WHAT THE TASK ASKS:
Pictures are not part of the copy; reproduce the remaining data exactly.

RAW DATA:
■ ■ ■ ■ ■ ■ ■
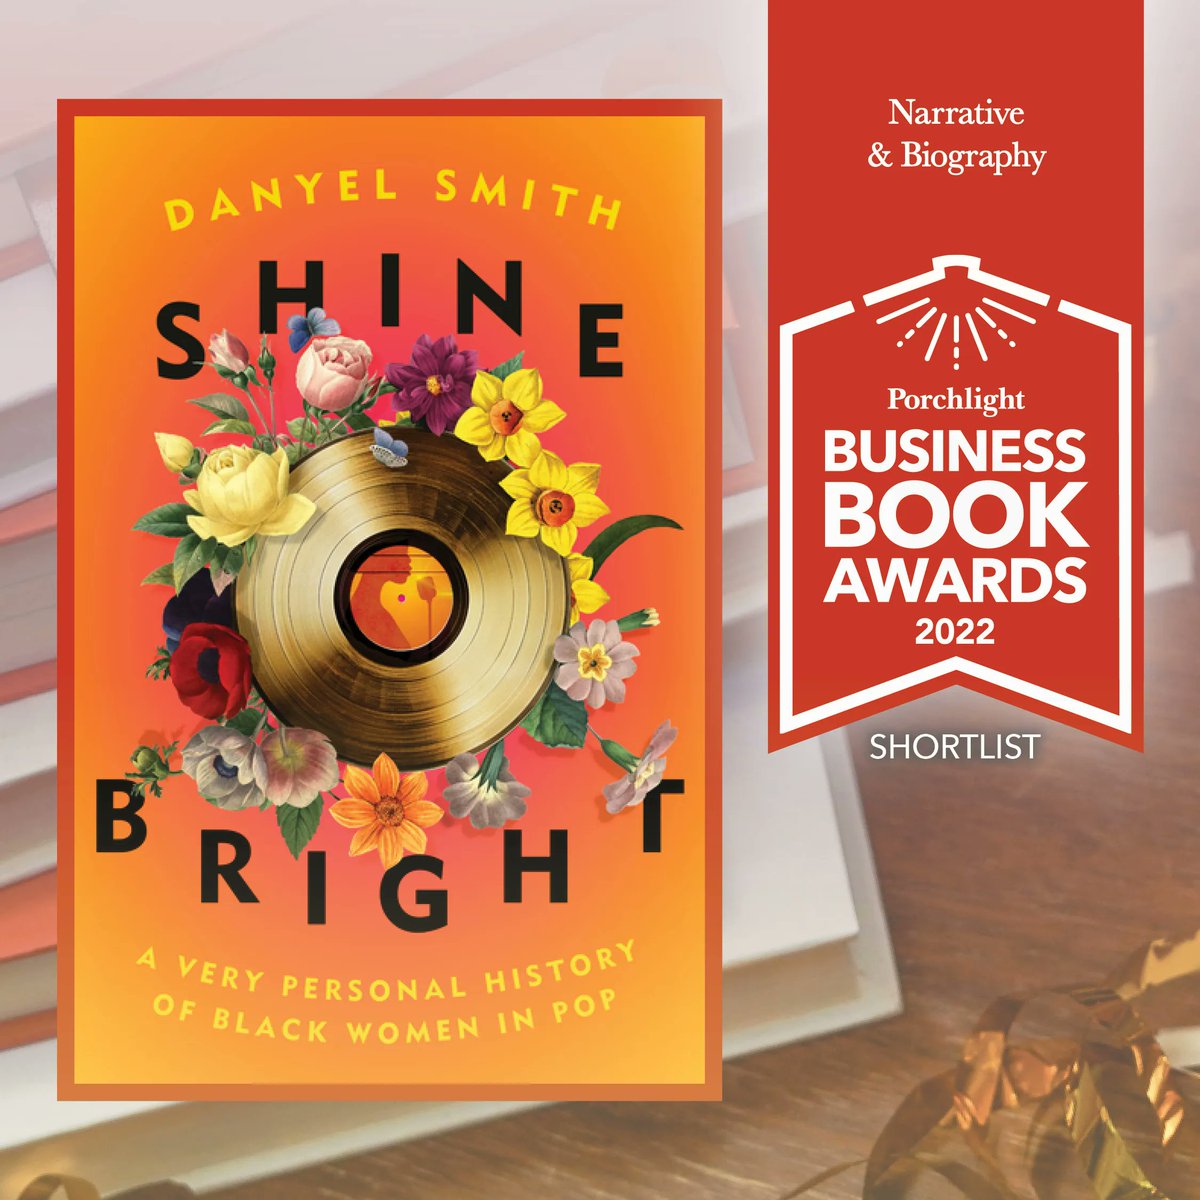 The 2022 Narrative & Biography book of the year is SHINE BRIGHT by @danamo, published by @roclit101

Head to our website to read an excerpt  → bit.ly/plbba22sb

 #PLBBA22 #PorchlightBookCompany #WeBelieveInBooks
■ ■ ■ ■ ■ ■ ■
TASK OUTPUT:
 The 2022 Narrative & Biography book of the year is SHINE BRIGHT by @danamo, published by @roclit101

Head to our website to read an excerpt  → bit.ly/plbba22sb

 #PLBBA22 #PorchlightBookCompany #WeBelieveInBooks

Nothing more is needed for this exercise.